As we’ll discuss next week, even as they tag as #goals cute couples on Instagram and Twitter, teens of all genders increasingly eschew relationships. In fact, the very idea of coupling has changed a lot over the years and it’s going to change even more in the near future. In turn, the marriage rate continues to decline.

But none of this matters to Taylor Korth and Daniel Sayles. Their marriage rate is 100 percent these days, as they tied the proverbial knot on Saturday at Plymouth Church in Lawrence. That their love might survive the seven years of late adolescence defies all odds. That they could live over half of it while Daniel was a student at West Point Military Academy is unimaginable in today’s world of casual sex and ill-defined coupling.

It helps that Taylor is, as anyone who knows her can tell you, a force of nature and Daniel a young man of remarkable character who has elected to serve his country in one of the most demanding of military careers. But their success as a couple isn’t as much about two unique individuals as it is the greater whole they create in their togetherness. And that is the final and best lesson they have to teach our readers: Being in a relationship doesn’t snatch one’s freedom or limit one’s choices. It makes both stronger and extends their abilities and horizons beyond what they could ever do alone.

As a guy married now for 36 years (to the same woman no less!), I extend my congratulations to Taylor and Daniel and thank them for inspiring us all, young and old, to remember why we love this way and why it’s still worth it.

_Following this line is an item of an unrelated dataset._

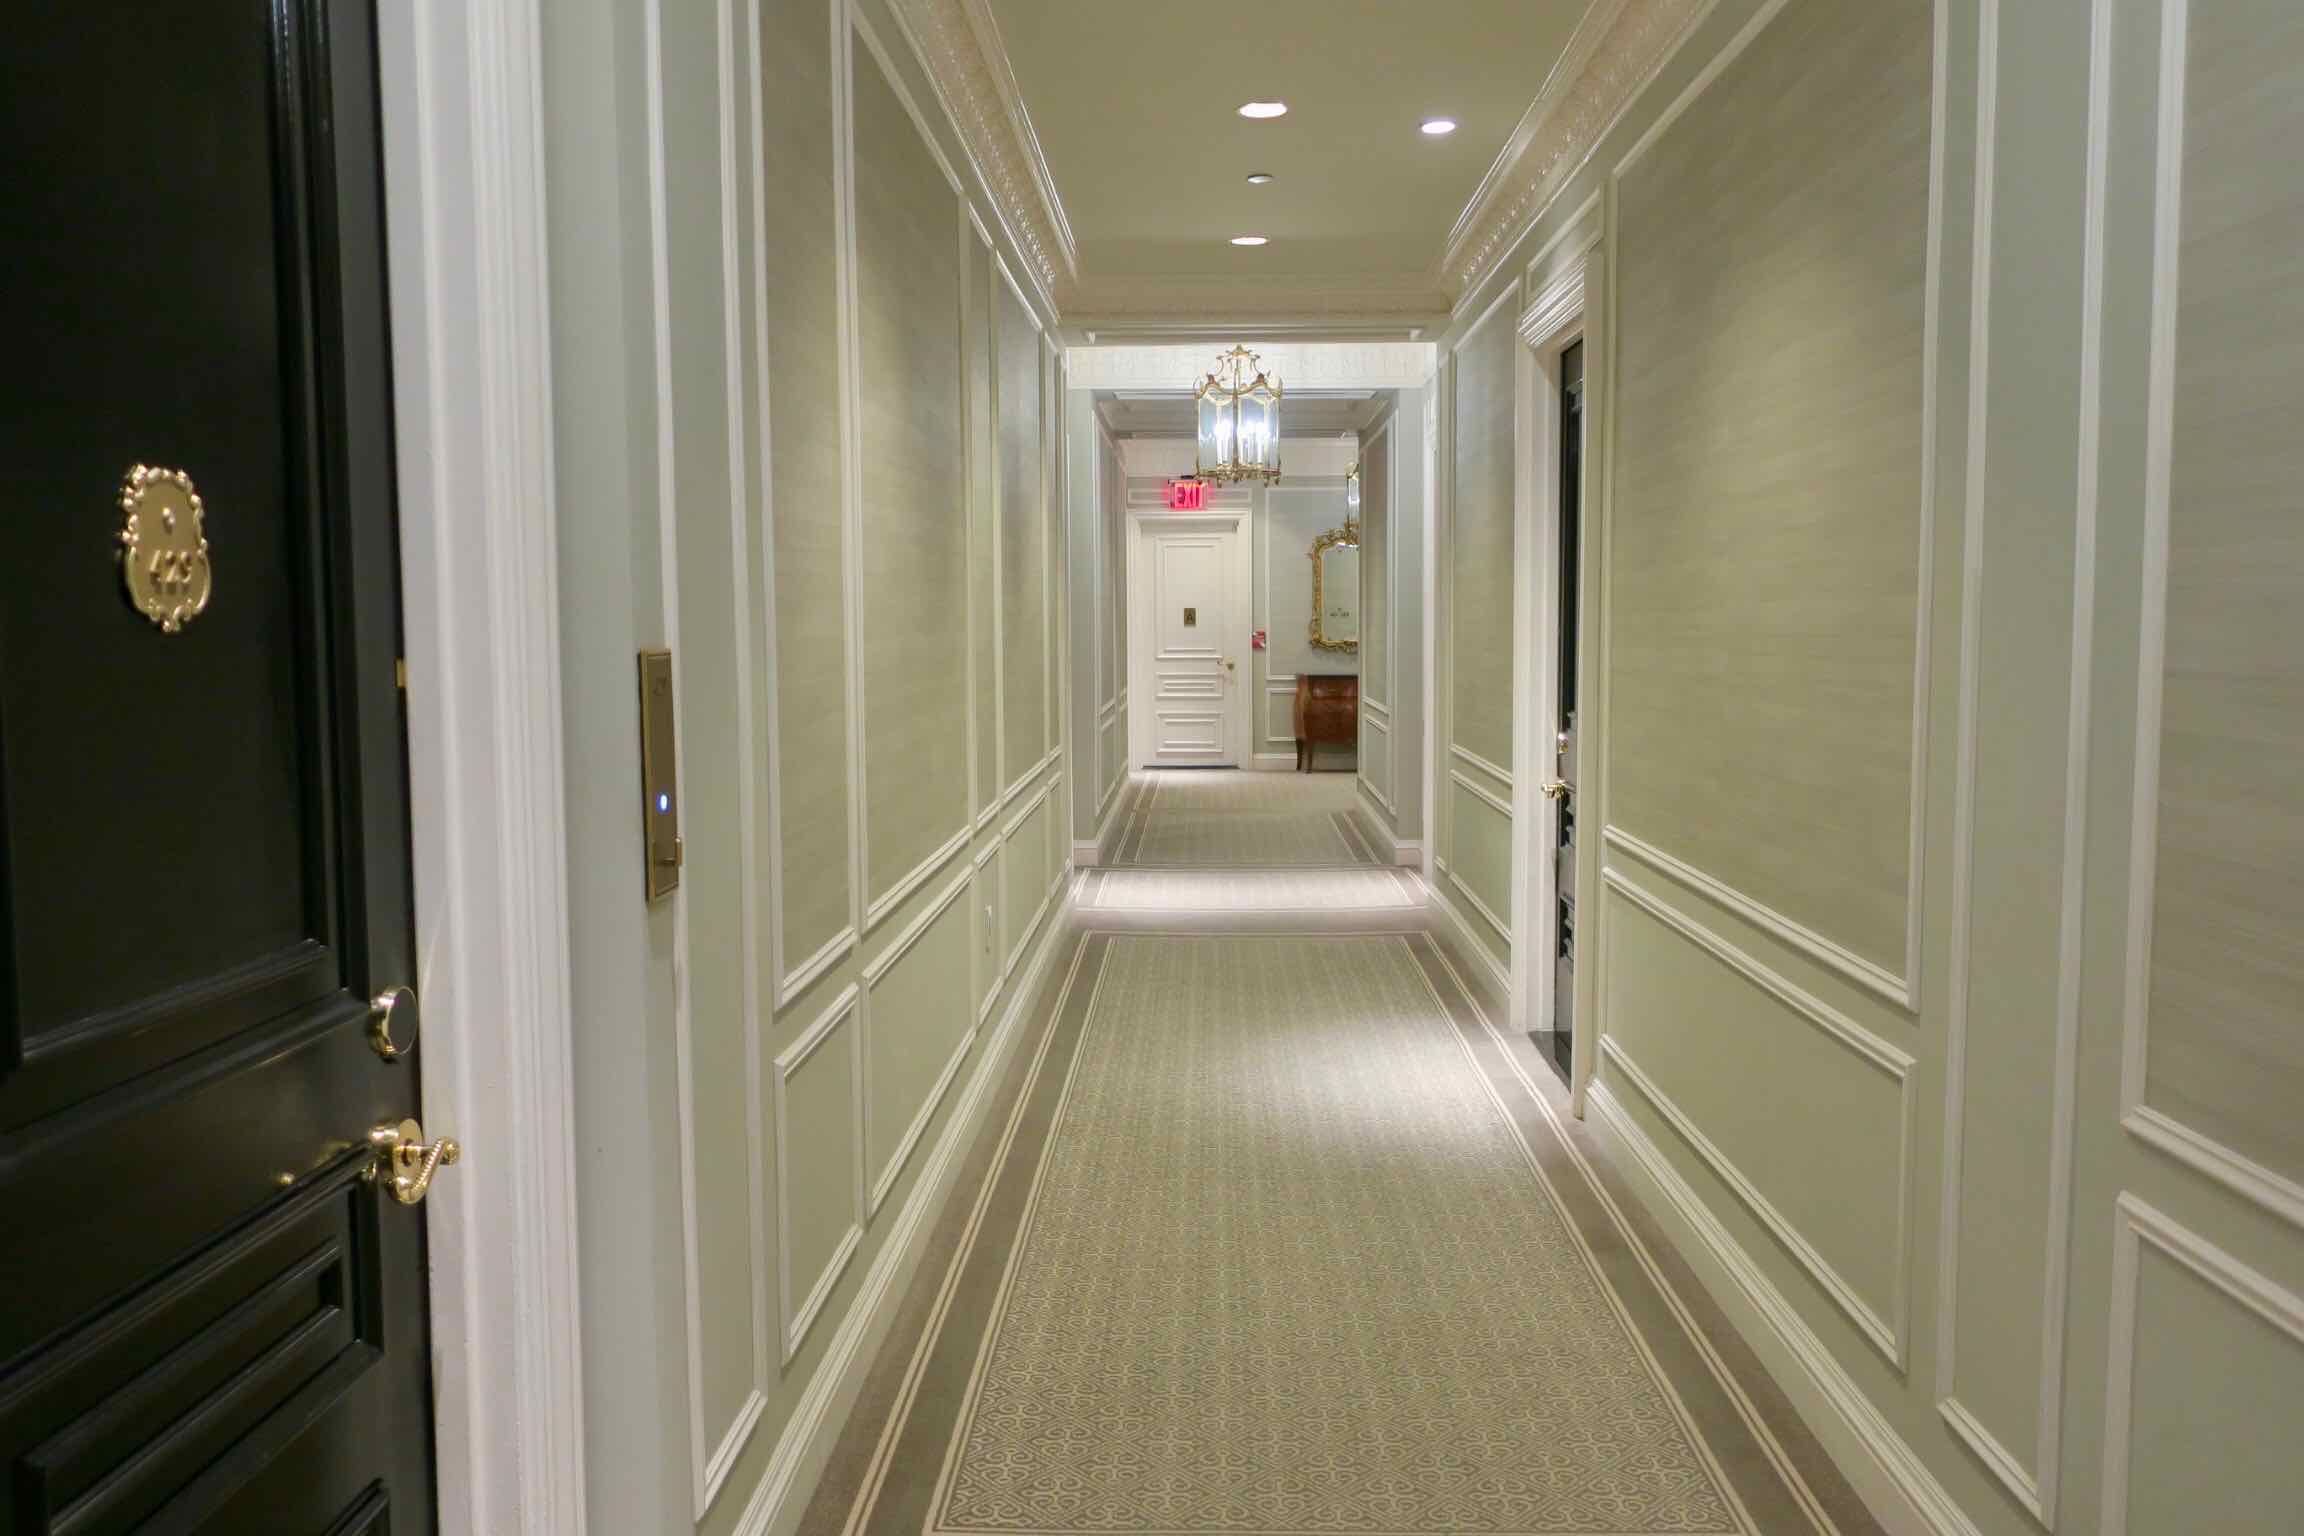 The St. Regis New York room corridors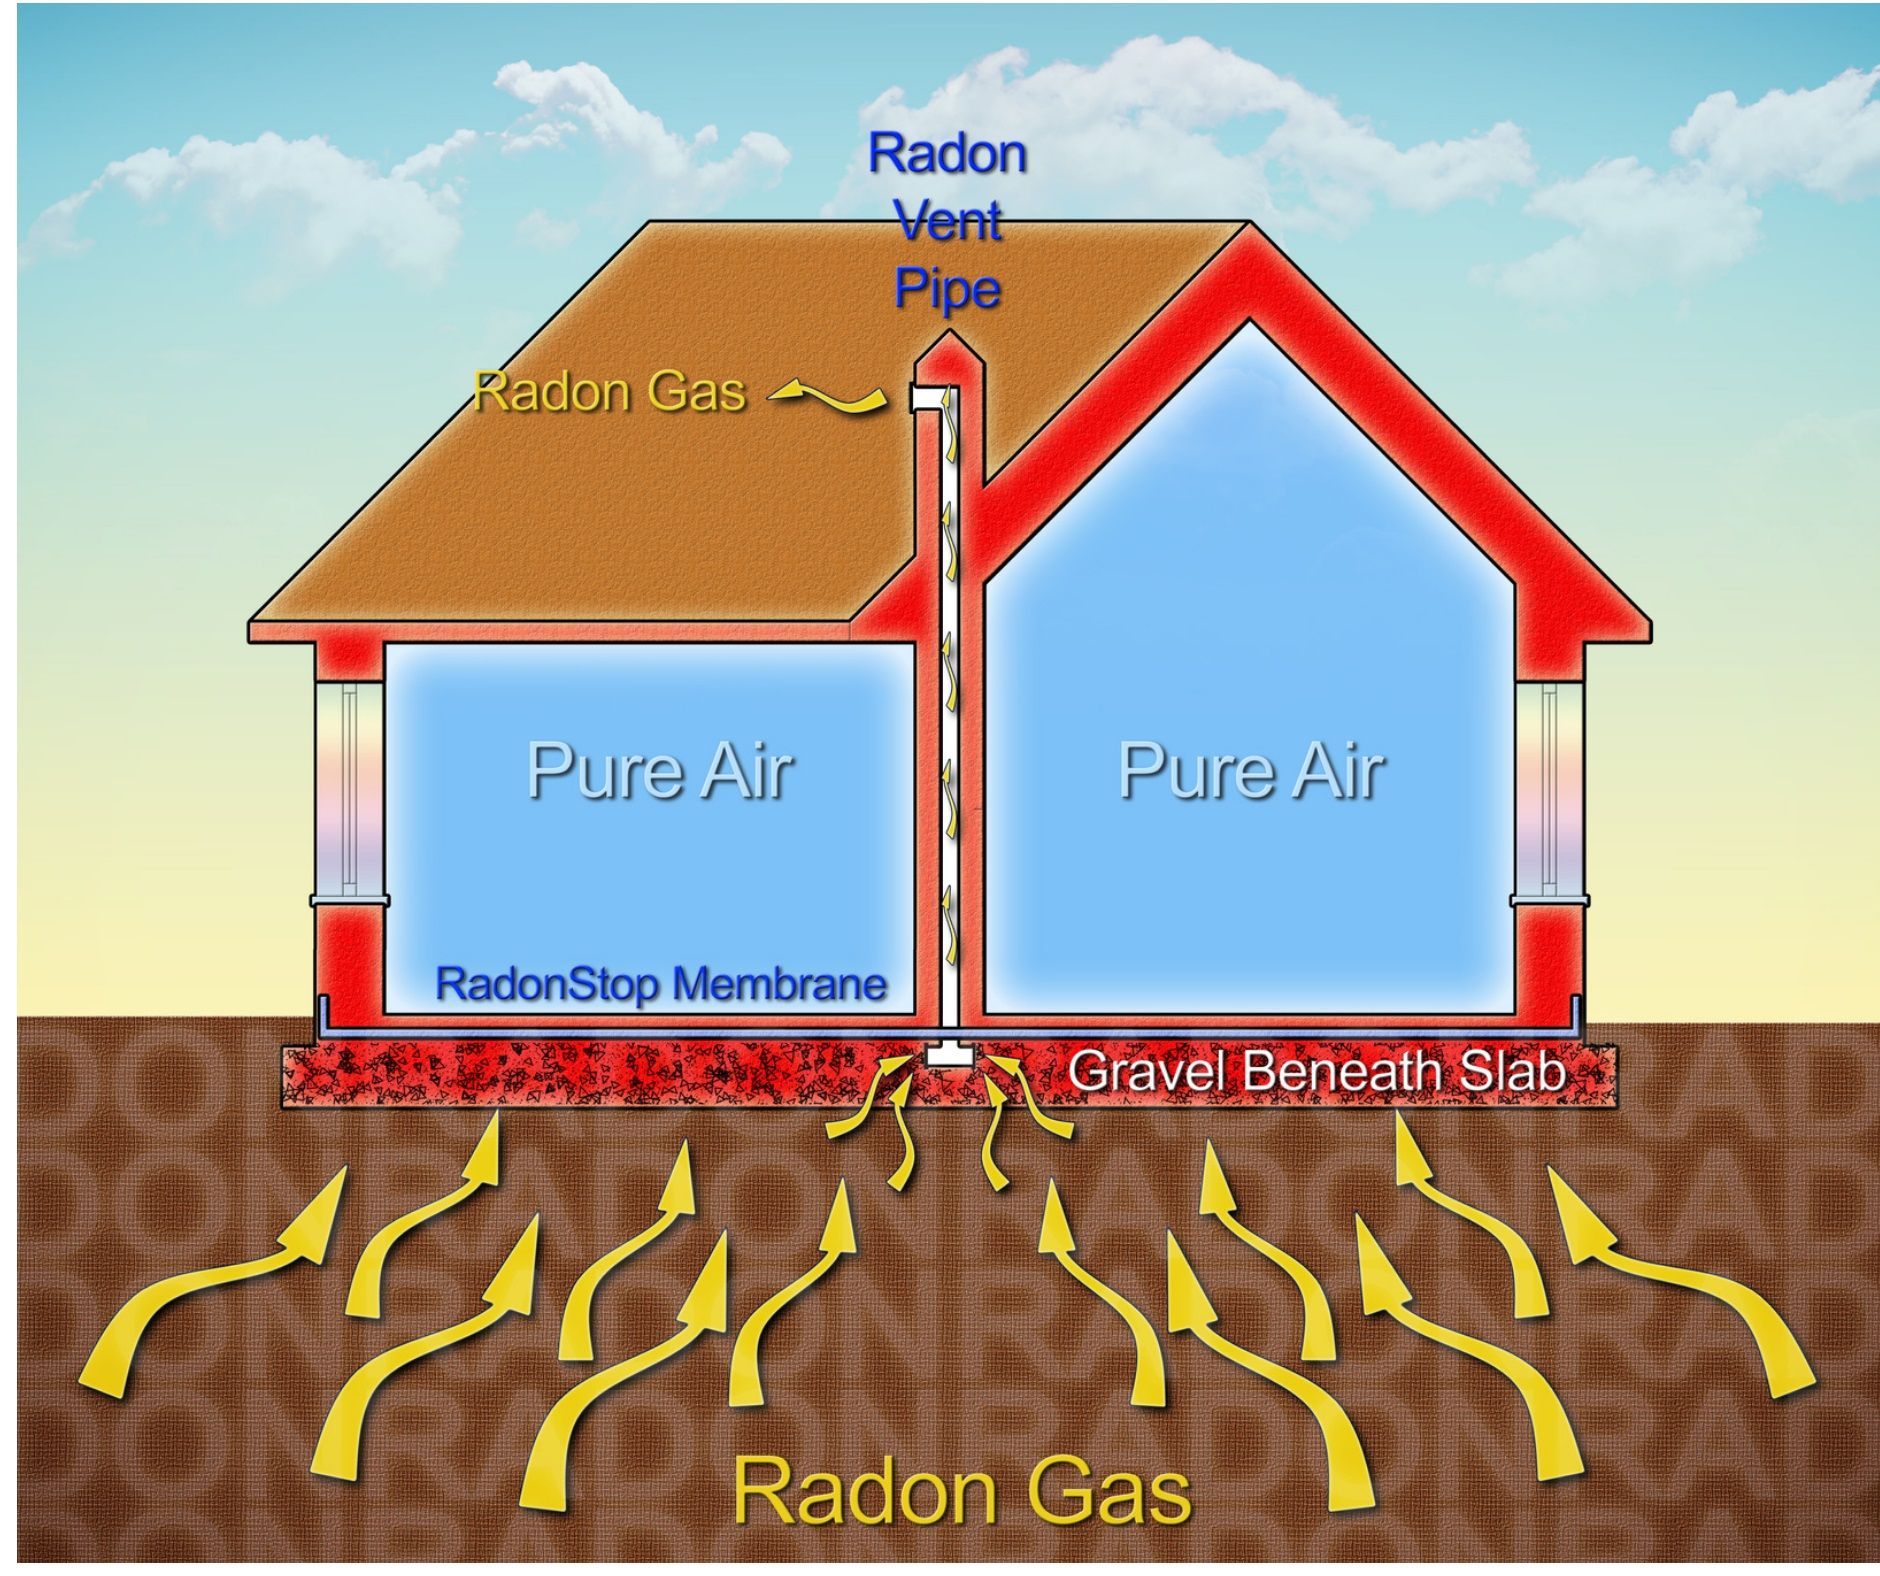 Radon Gas when buying a home in Vermont

Gabe: As a latecomer to this ongoing saga, I have not had the pleasure of meeting either Daniel or Taylor, but they sound like amazing people and I extend my own congratulations to them. Their love story seems incredible and I could only wish to know two people who had one such as theirs. I say “wish” because I think a bond like that is extremely rare, especially one formed in the early to mid-teens.

People strive for these idealized relationships, thinking that they are more widely plausible. But just like the high school baller banking on getting into the NBA, only a fraction of a fraction will actually make it. That doesn’t mean that that player shouldn’t pursue his or her dreams. One may get a ton of value from perfecting the game and he or she will make memories along the way. Dating is similar. Most people won’t find an ideal outcome this early in life, but that doesn’t mean you shouldn’t try. It’s kind of like the advice I’ve received for the past few months leading up to graduation — “It’s not the destination, but the journey.” That’s where you find out who you are, going in and coming out of your experiences with significant others. And maybe, if you are lucky and try hard, you’ll find a love like Taylor and Daniel’s.

— Wes Crenshaw, Ph.D., ABPP, is author of “I Always Want to Be Where I’m Not: Successful Living with ADD & ADHD.” Learn about his writing and practice at dr-wes.com. Gabe Magee is a Bishop Seabury Academy senior. Send your confidential 200-word question to ask@dr-wes.com. Double Take opinions and advice are not a substitute for psychological services.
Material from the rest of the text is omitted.